Pattern matching on an extensible variant type requires a default case to handle unknown variant constructors, just as is required for pattern matching on exceptions (extensible types use the exception memory representation at runtime).

With this feature added, the OCaml exn type simply becomes a special case of open extensible types. Exception constructors can be declared using the type extension syntax:

    type exn += Exc of int

You can read more about the discussion behind open extensible types in the upstream Mantis bug. If you’d like to see another example of their use, they have been adopted by the latest releases of the Jane Street Core libraries in the Type_equal module.

Modular Implicits

A common criticism of OCaml is its lack of support for ad-hoc polymorphism. The classic example of this is OCaml’s separate addition operators for integers (+) and floating-point numbers (+.). Another example is the need for type-specific printing functions (print_int, print_string, etc.) rather than a single print function which works across multiple types.

Taking inspiration from Scala’s implicits and Modular Type Classes by Dreyer et al., Leo White designed a system for ad-hoc polymorphism in OCaml based on using modules as type-directed implicit parameters. The design not only supports implicit modules, but also implicit functors (that is, modules parameterised by other module types) to permit the expression of generic modular implicits in exactly the same way that functors are used to build abstract data structures.

Frederic Bour joined us as a summer intern and dove straight into the implementation, resulting in an online demo and ML Workshop presentation (abstract, video and paper). Another innovation in how we’ve been trialling this feature is the use of Andy Ray’s IOCamlJS to publish an interactive, online notebook that is fully hosted in the browser. You can follow the examples of modular implicits online, or try them out on your own computer via an OPAM switch:

opam switch 4.02.0+modular-implicits
eval `opam config env`
opam install utop 
utop

Some of the early feedback on modular implicits from industrial users was interesting. Jane Street commented that although this would be a big usability leap, it would be dangerous to lose control over exactly what goes into the implicit environment (i.e. the programmer should always know what (a + b) represents by locally reasoning about the code). The current design thus follows the ML discipline of maintaining explicit control over the namespace, with any ambiguities in resolving an implicit module type resulting in a type error.

Multicore

In addition to ad-hoc polymorphism, support for parallel execution on multicore CPUs is undoubtedly the most common feature request for OCaml. This has been high on our list after improving tooling support, and Stephen Dolan and Leo White made solid progress in 2014 on the core runtime plumbing required.

Stephen initially added thread-local support to the OCaml compiler. This design avoided the need to make the entire OCaml runtime preemptive (and thus a huge patch) by allocating thread-local state per core.

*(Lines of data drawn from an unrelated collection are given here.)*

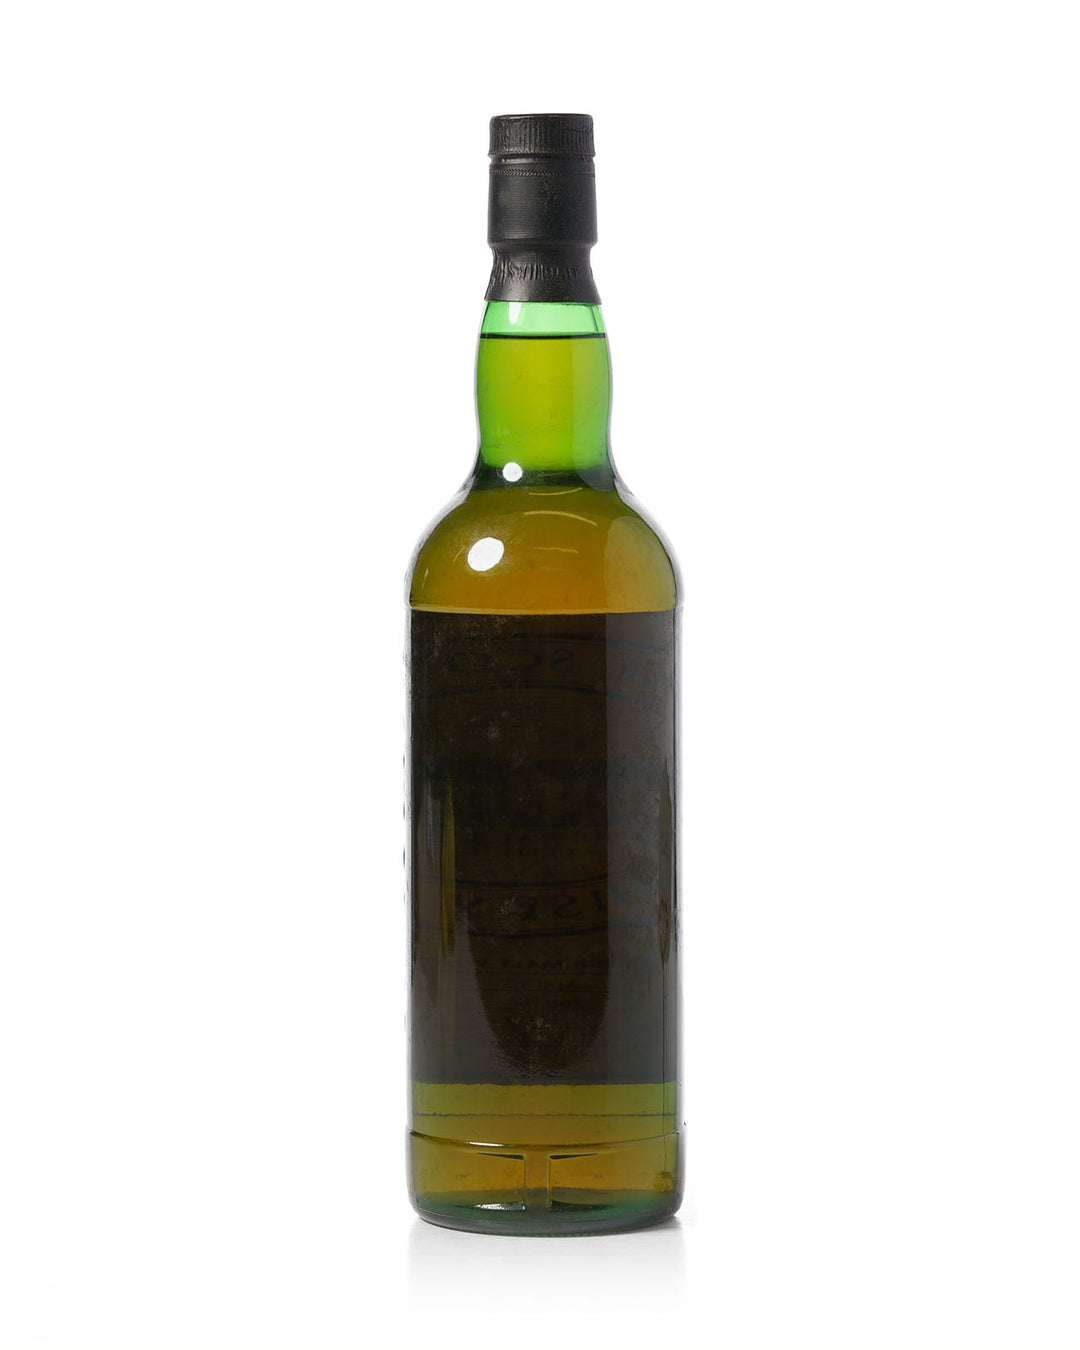 Glenturret 1992 10 Year Old Scotch Malt Whisky Society SMWS 16.26 Bottled 2002
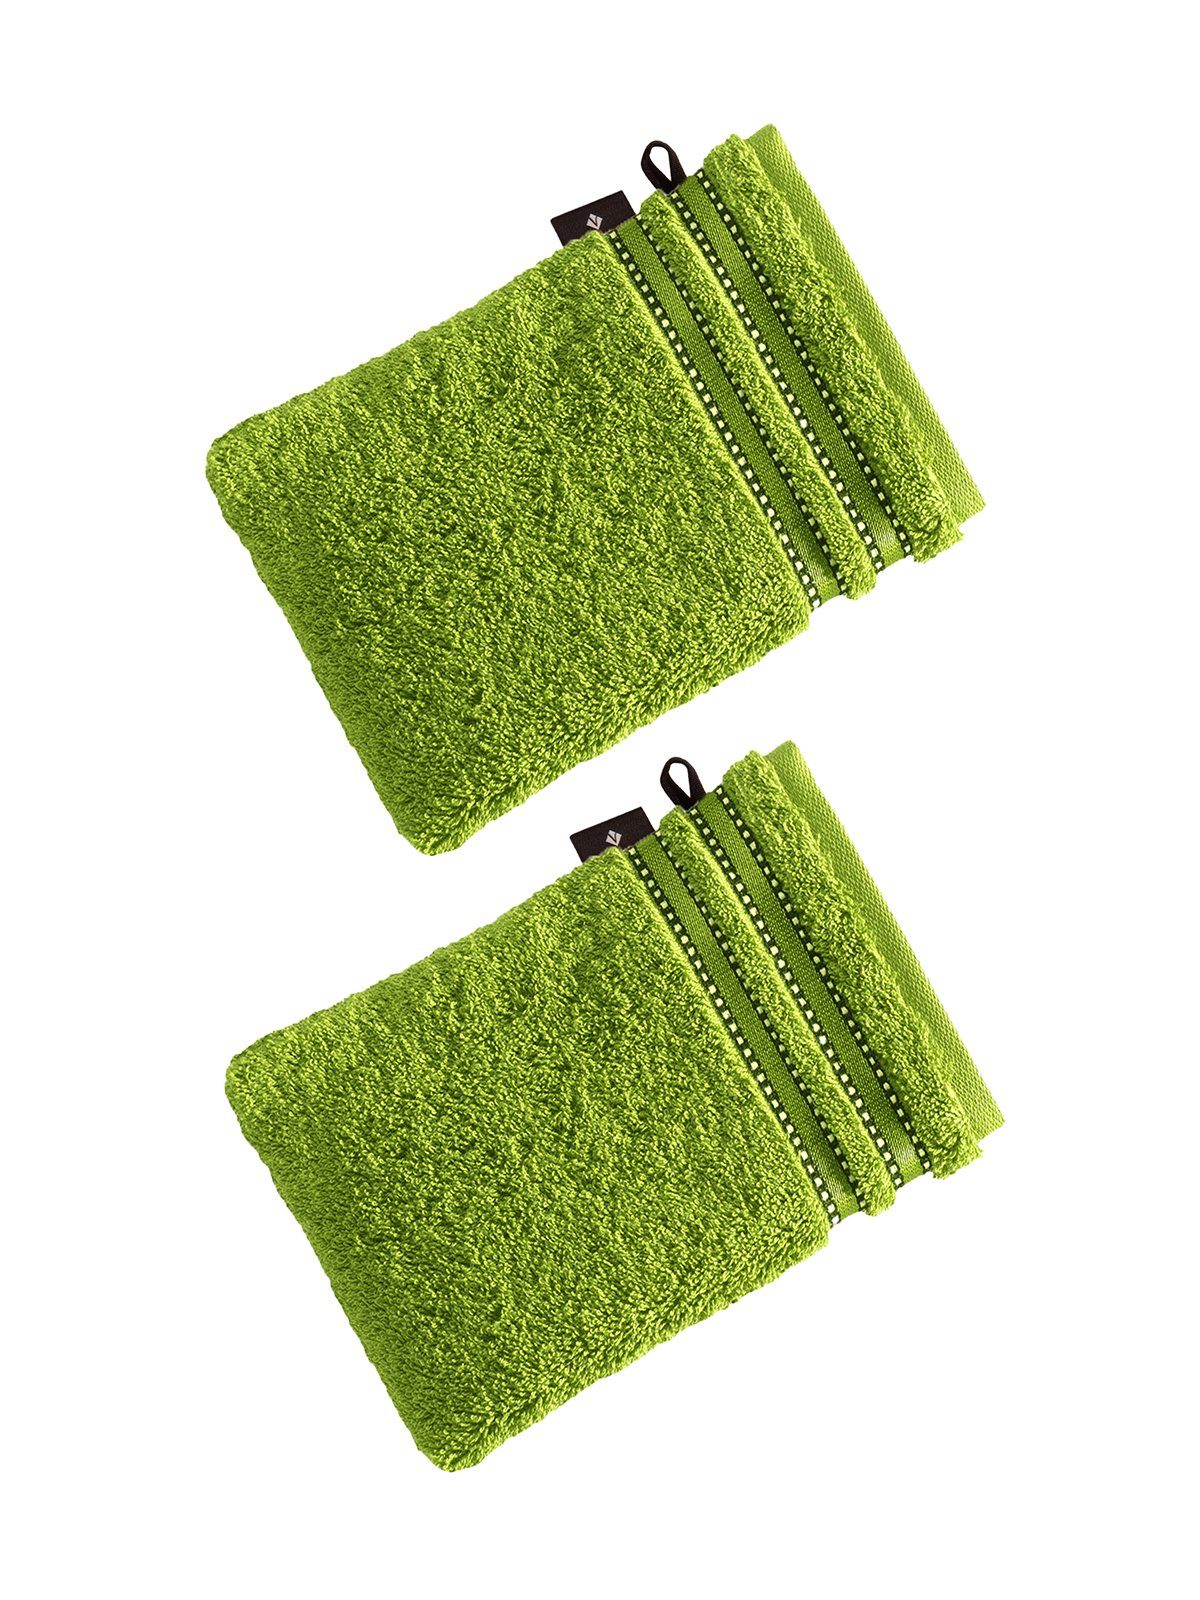 Grüne Vossen Handtücher online kaufen | OTTO
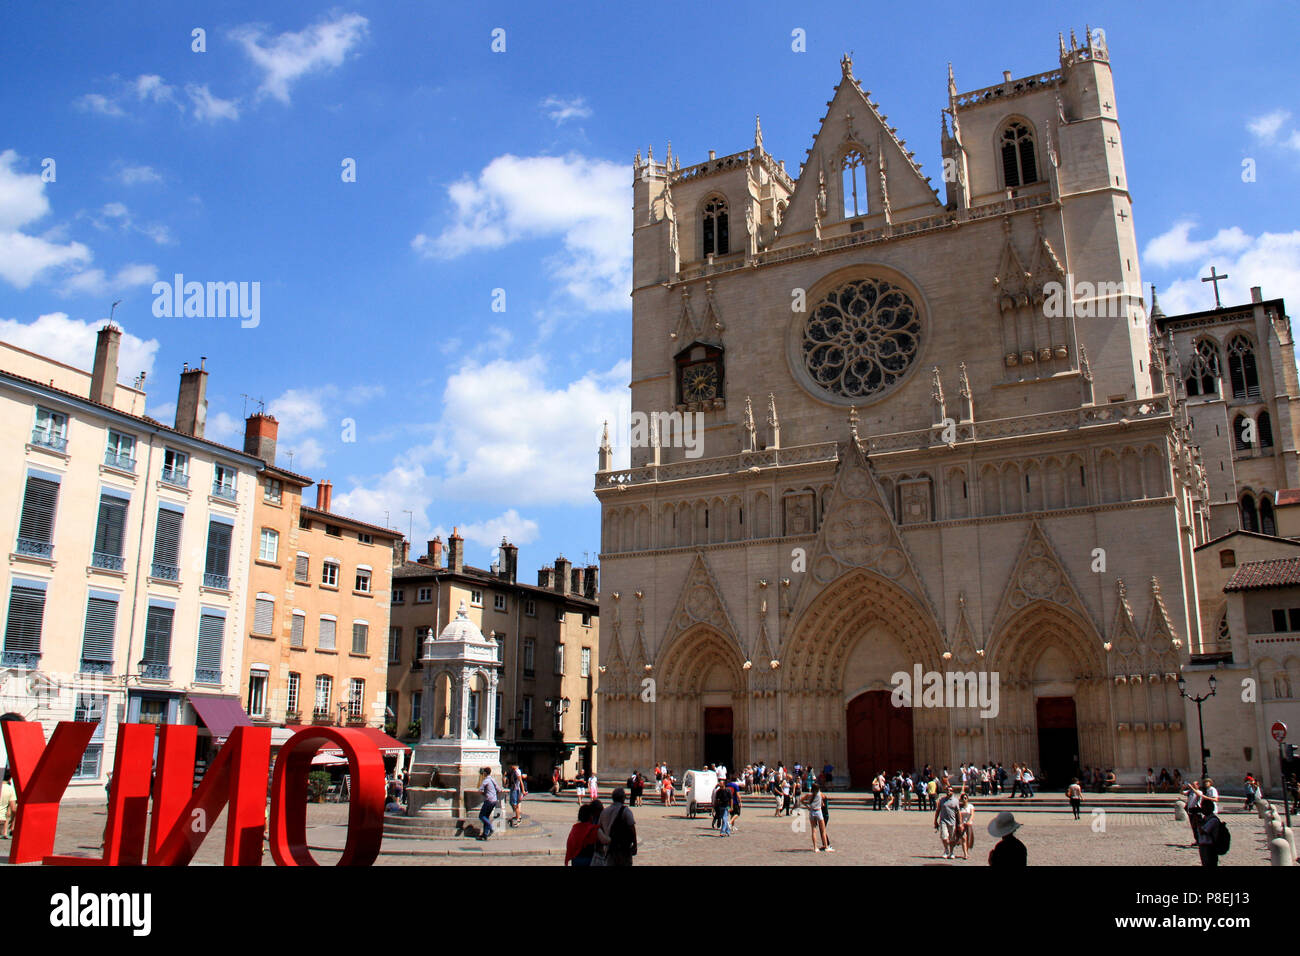 Cathédrale Saint-Jean-Baptiste de Lyon ou de la cathédrale de Lyon (lettrage géant seulement 'LYON' dans l'avant-plan), Ville de Lyon, France Banque D'Images

We are now deep into the design and implementation of the programming abstractions built over these low-level primitives. One exciting aspect of our implementation is much of the scheduling logic for multicore OCaml can be written in (single-threaded) OCaml, making the design very flexible with respect to heterogenous hardware and variable IPC performance.

To get feedback on the overall design of multicore OCaml, we presented at OCaml 2014 (slides, video and abstract), and Stephen visited INRIA to consult with the development team and Arthur Chargueraud (the author of PASL). Towards the end of the year, KC Sivaramakrishnan finished his PhD studies at Purdue and joined our OCaml Labs group. He is the author of MultiMlton, and is now driving the completion of the OCaml multicore work along with Stephen Dolan, Leo White and Mark Shinwell. Stay tuned for updates from us when there is more to show later this year!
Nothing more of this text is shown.